**WORK TO COMPLETE:** For any picture in the lines below, please leave it out and copy the rest exactly.

**DATASET SECTION:**
────────────────

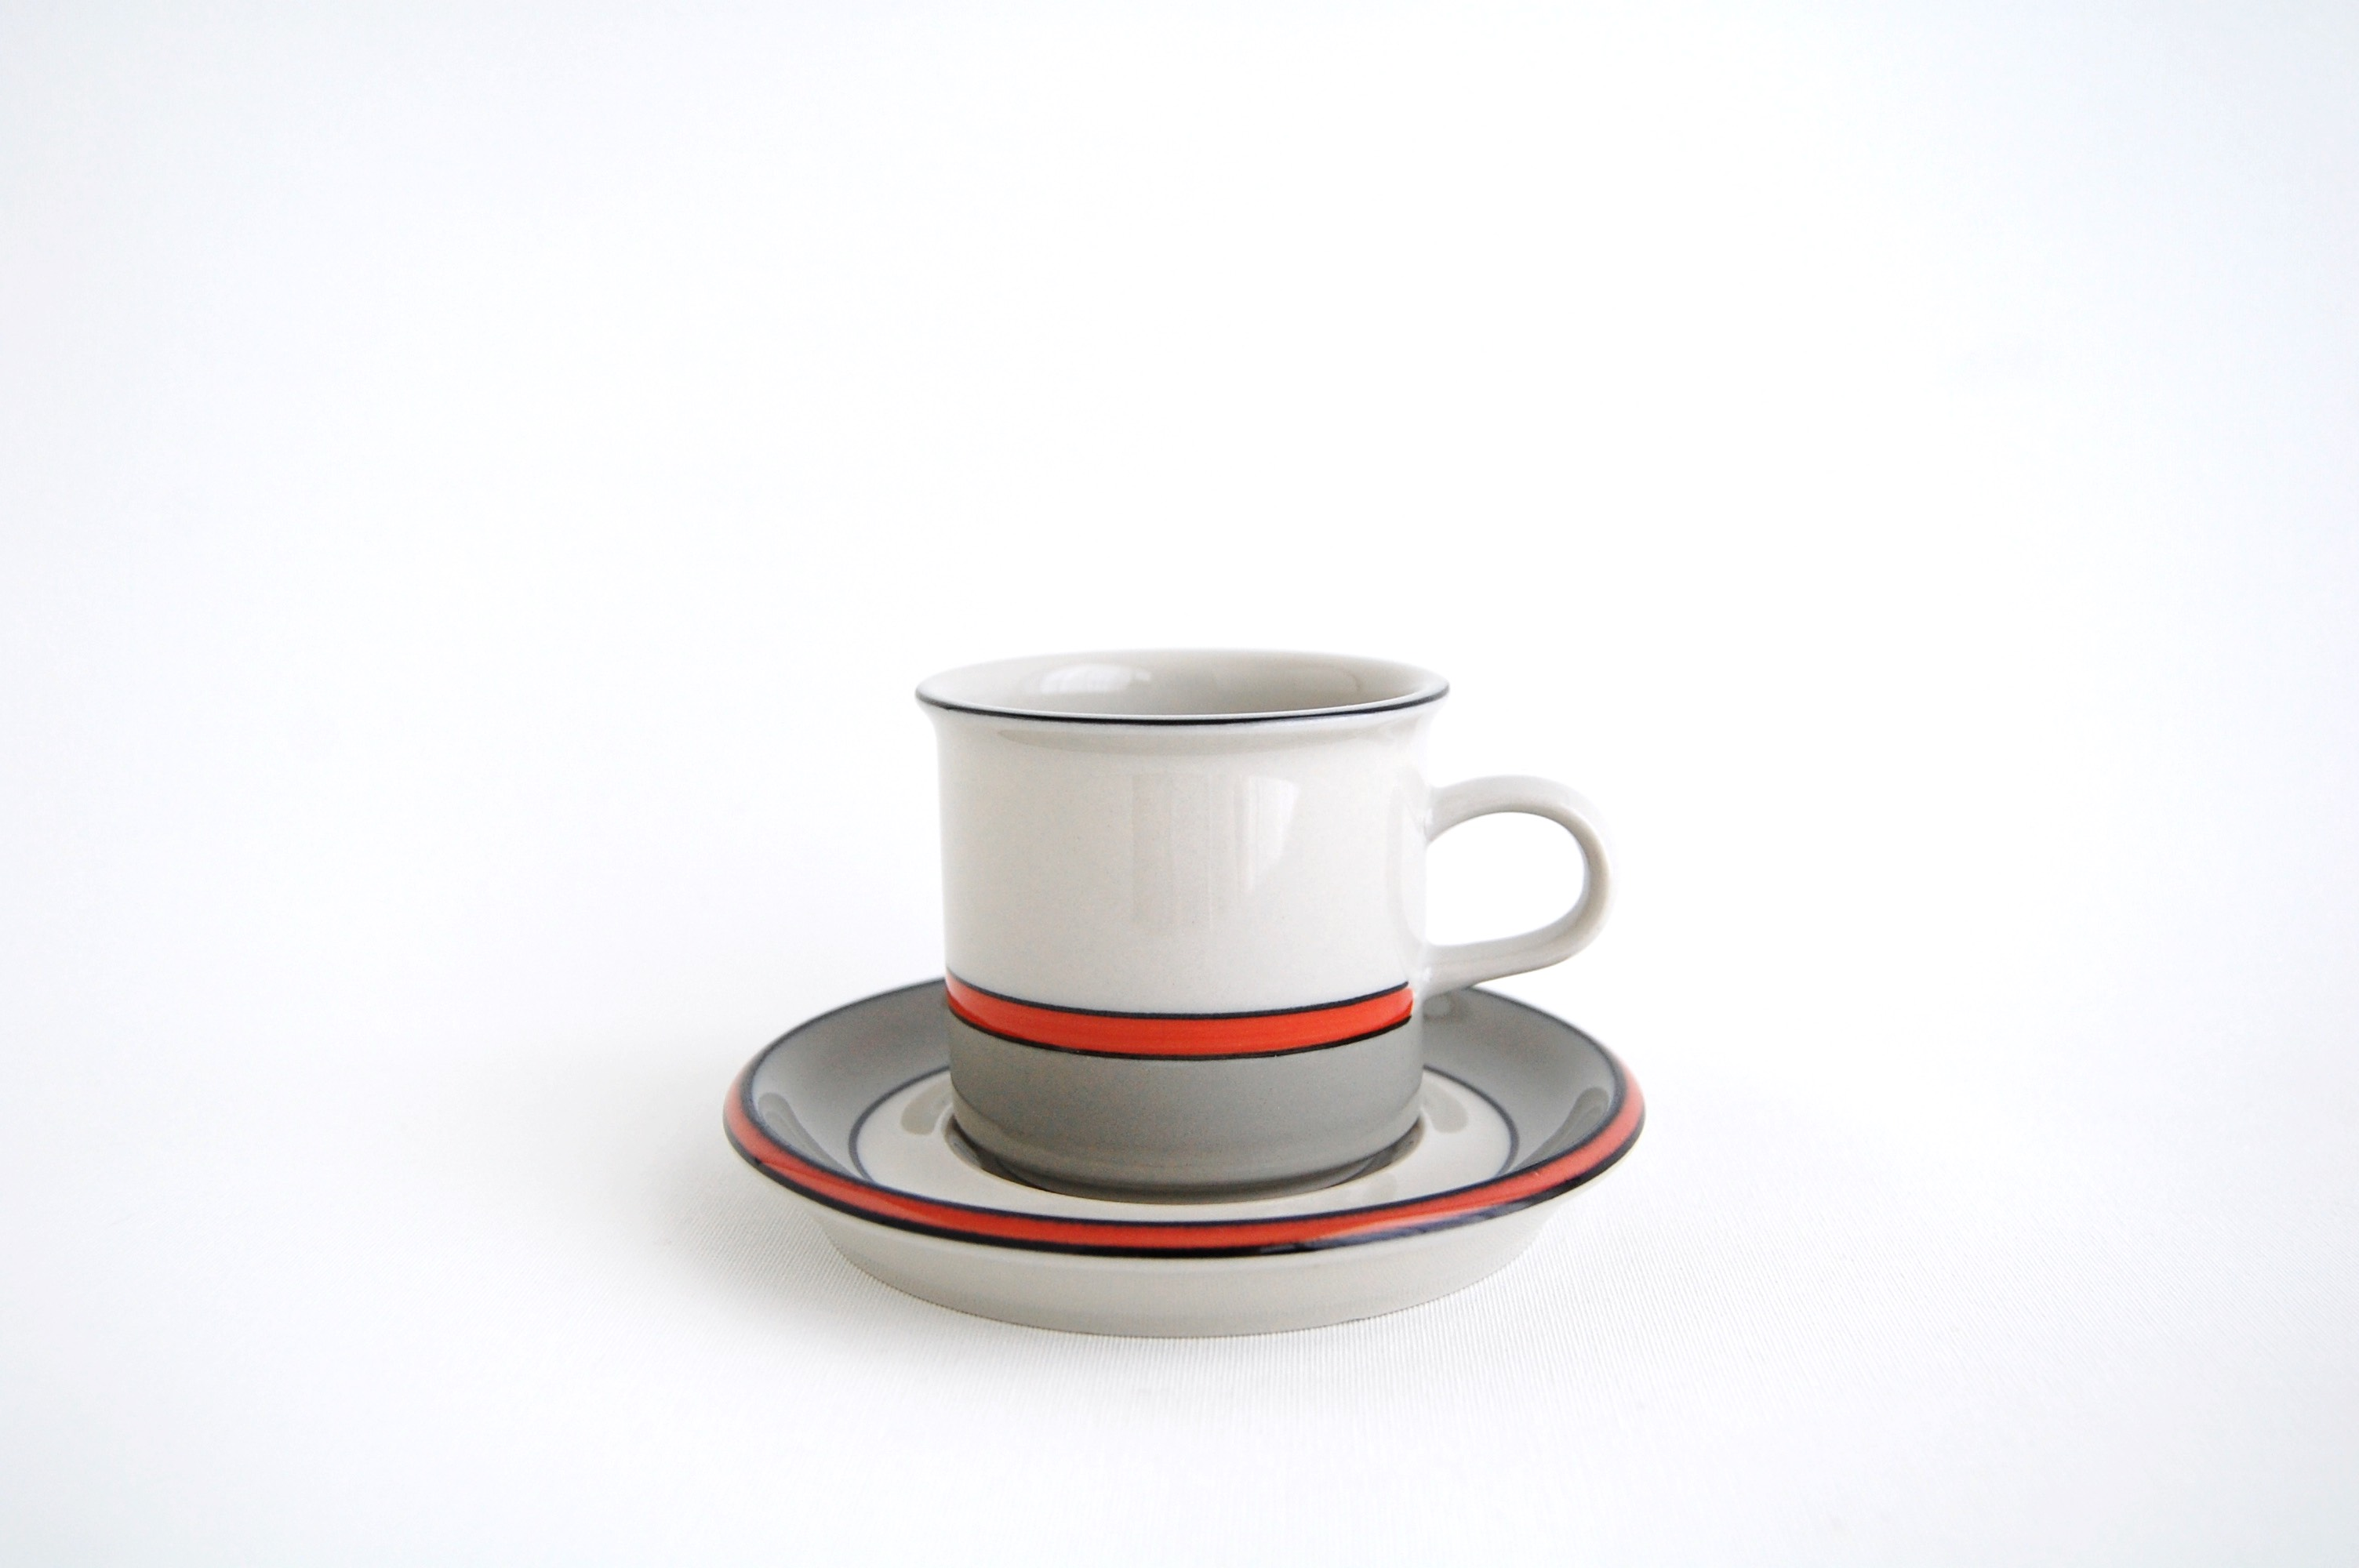 ARABIA/アラビア Aslak/アスラク コーヒーカップ&ソーサー(ショートサイズ) 002
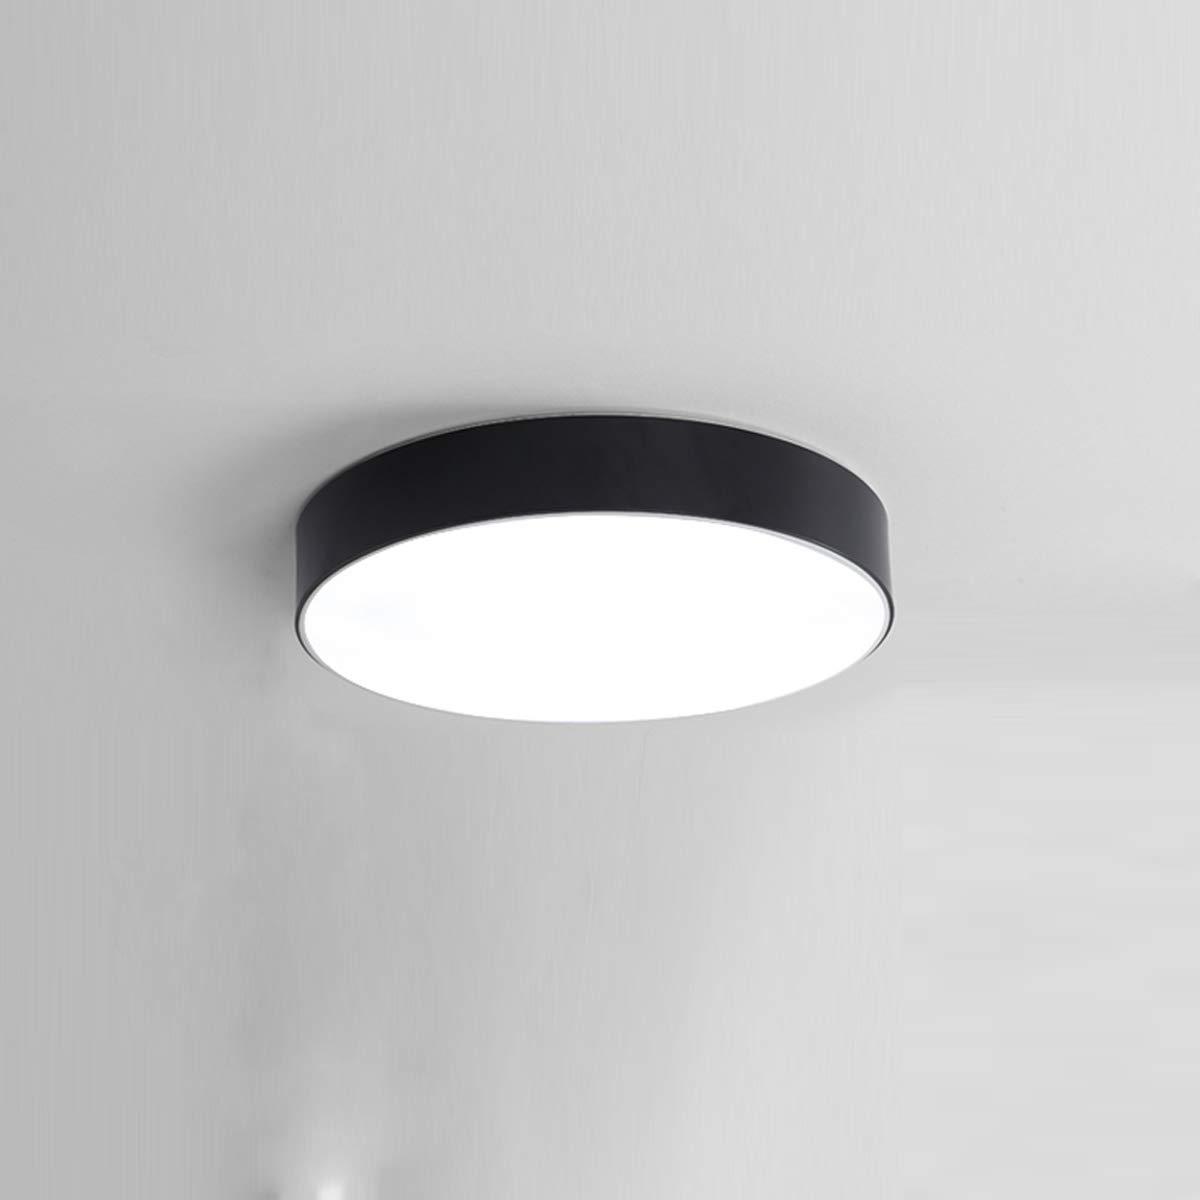 Amazon.com: GlanzLight GL-61503-B - Lámpara de techo simple ...
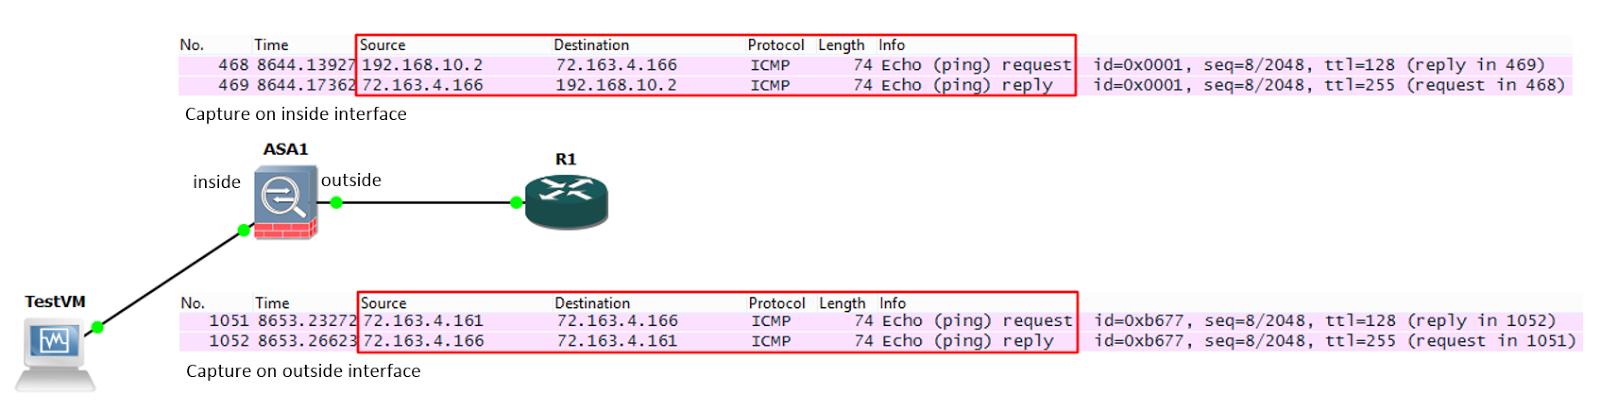 PacketFlow I/O: ASA pre-8 3 vs post-8 3 NAT explained
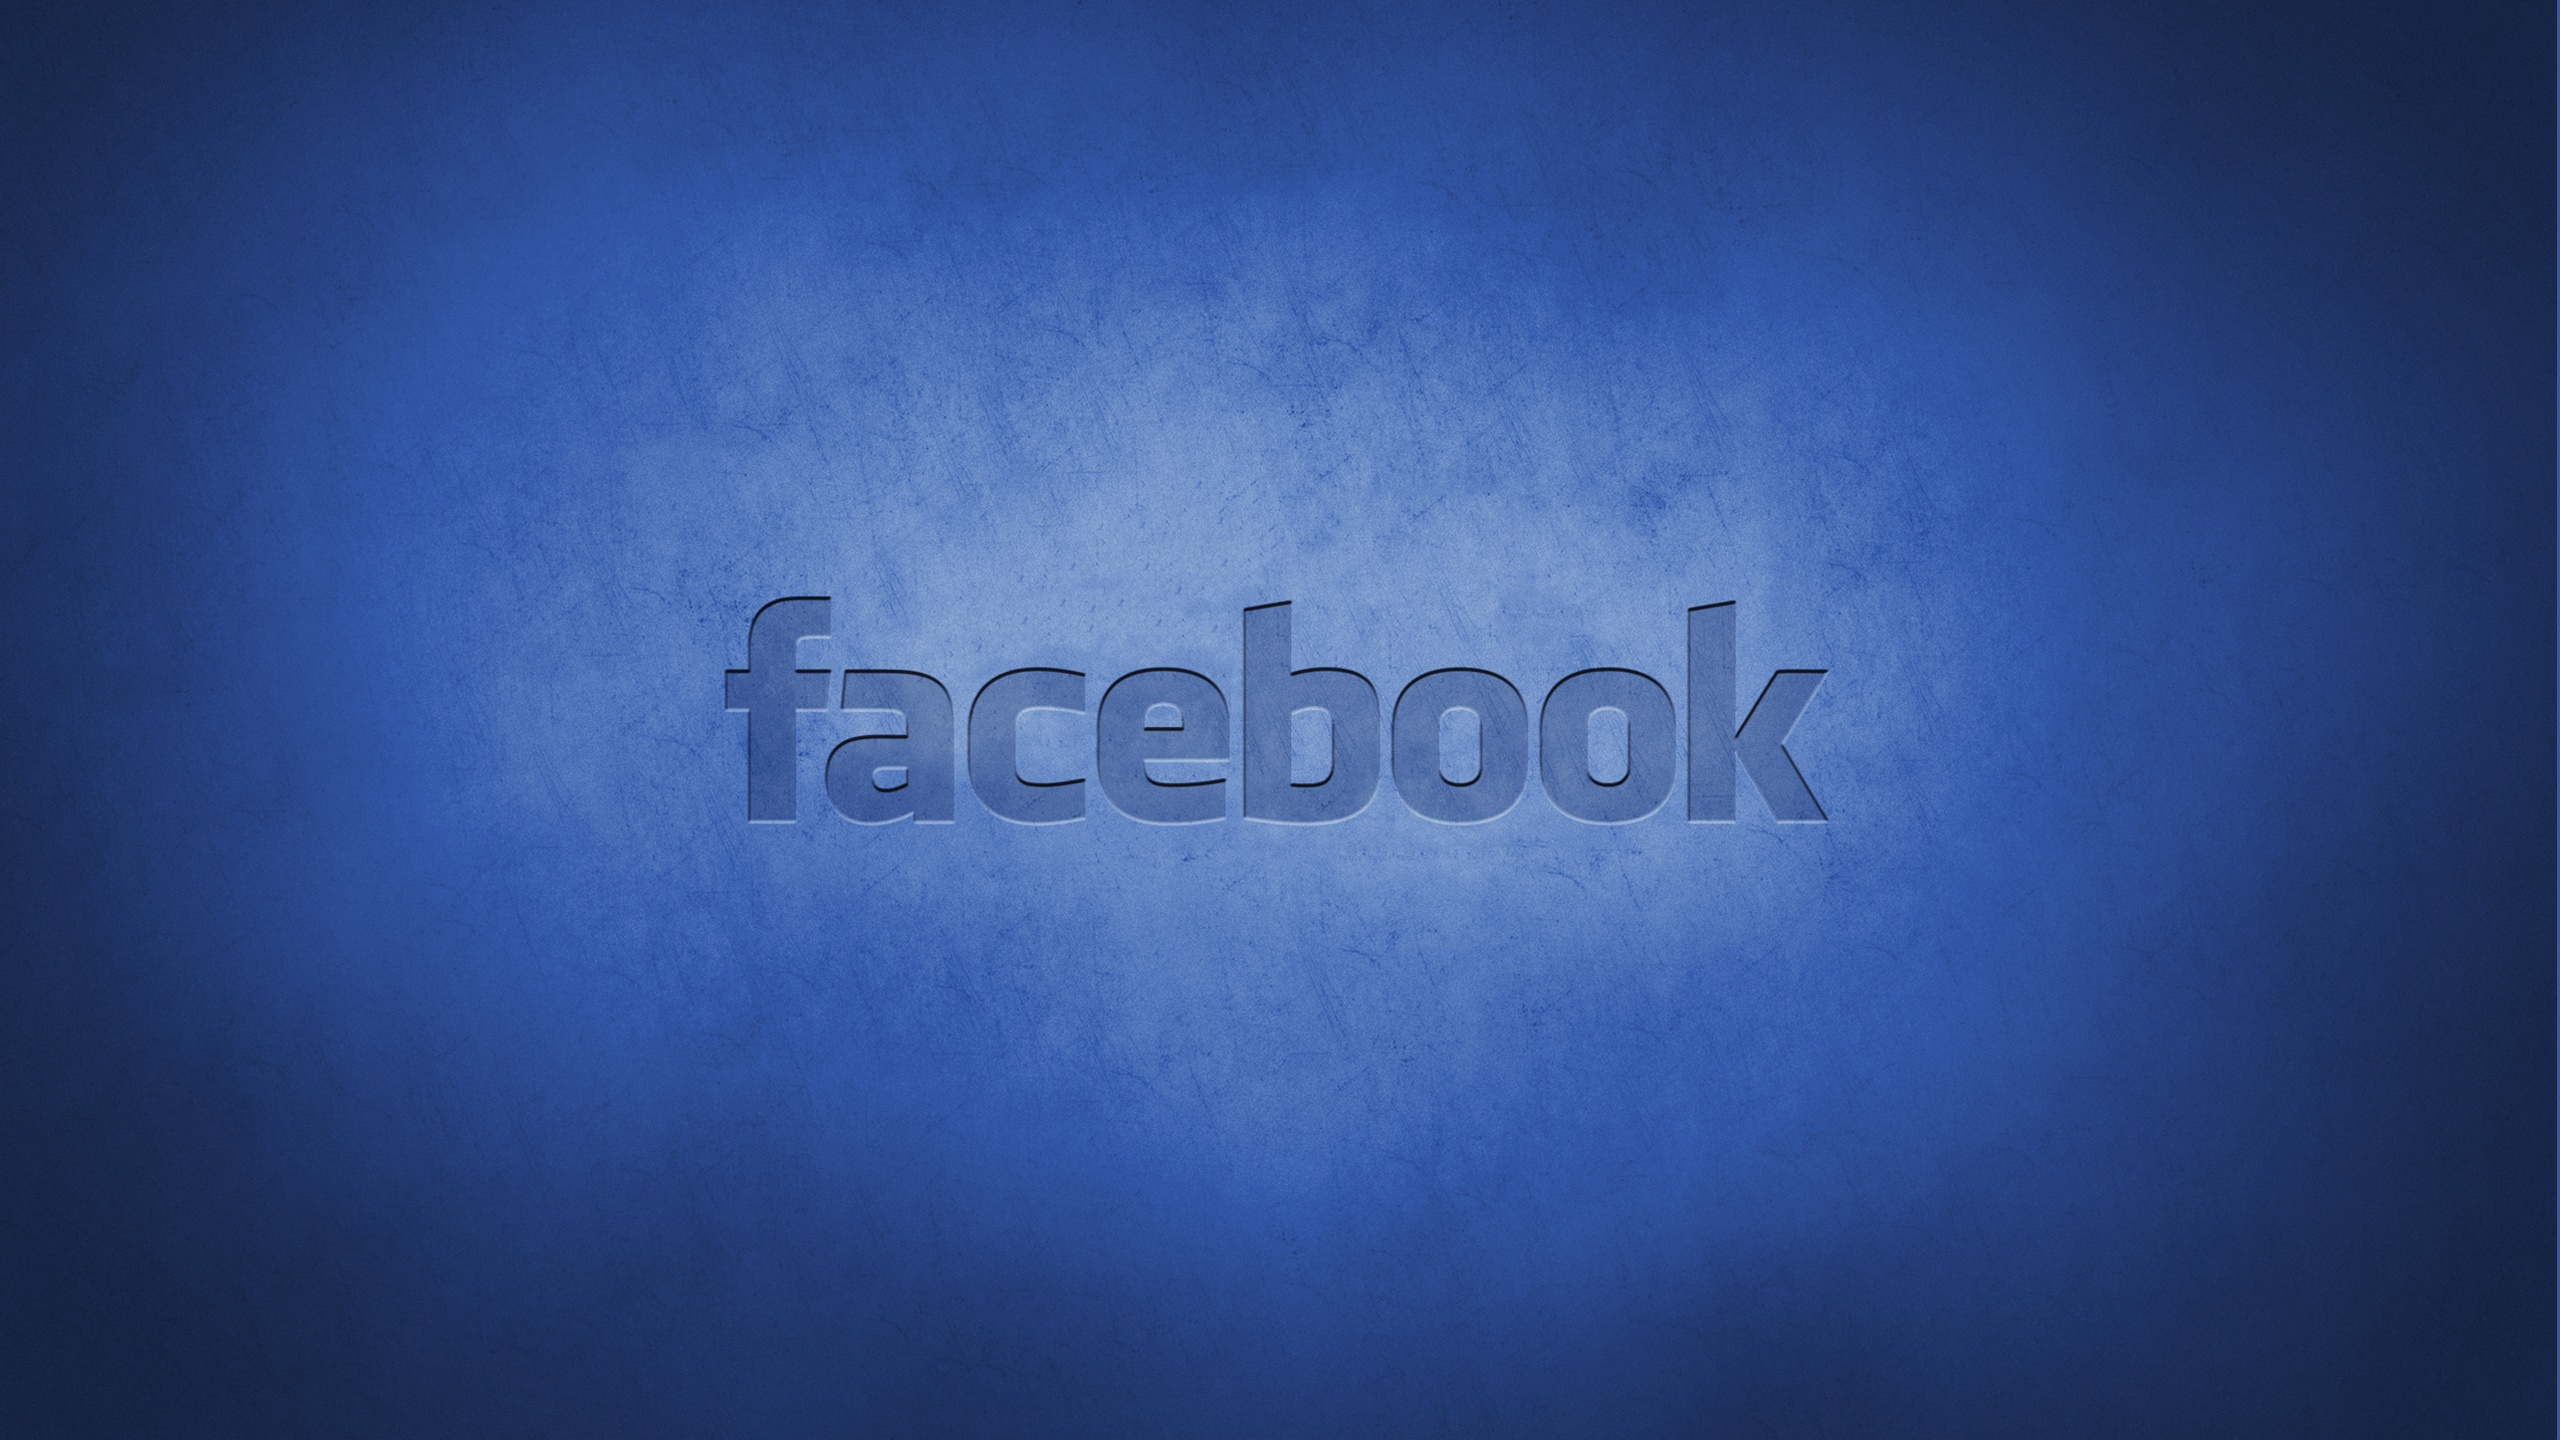 Facebook Wallpapers 19 2560 X 1440

────────────────

**REPLY:**
 ARABIA/アラビア Aslak/アスラク コーヒーカップ&ソーサー(ショートサイズ) 002
 Amazon.com: GlanzLight GL-61503-B - Lámpara de techo simple ...
 PacketFlow I/O: ASA pre-8 3 vs post-8 3 NAT explained
 Facebook Wallpapers 19 2560 X 1440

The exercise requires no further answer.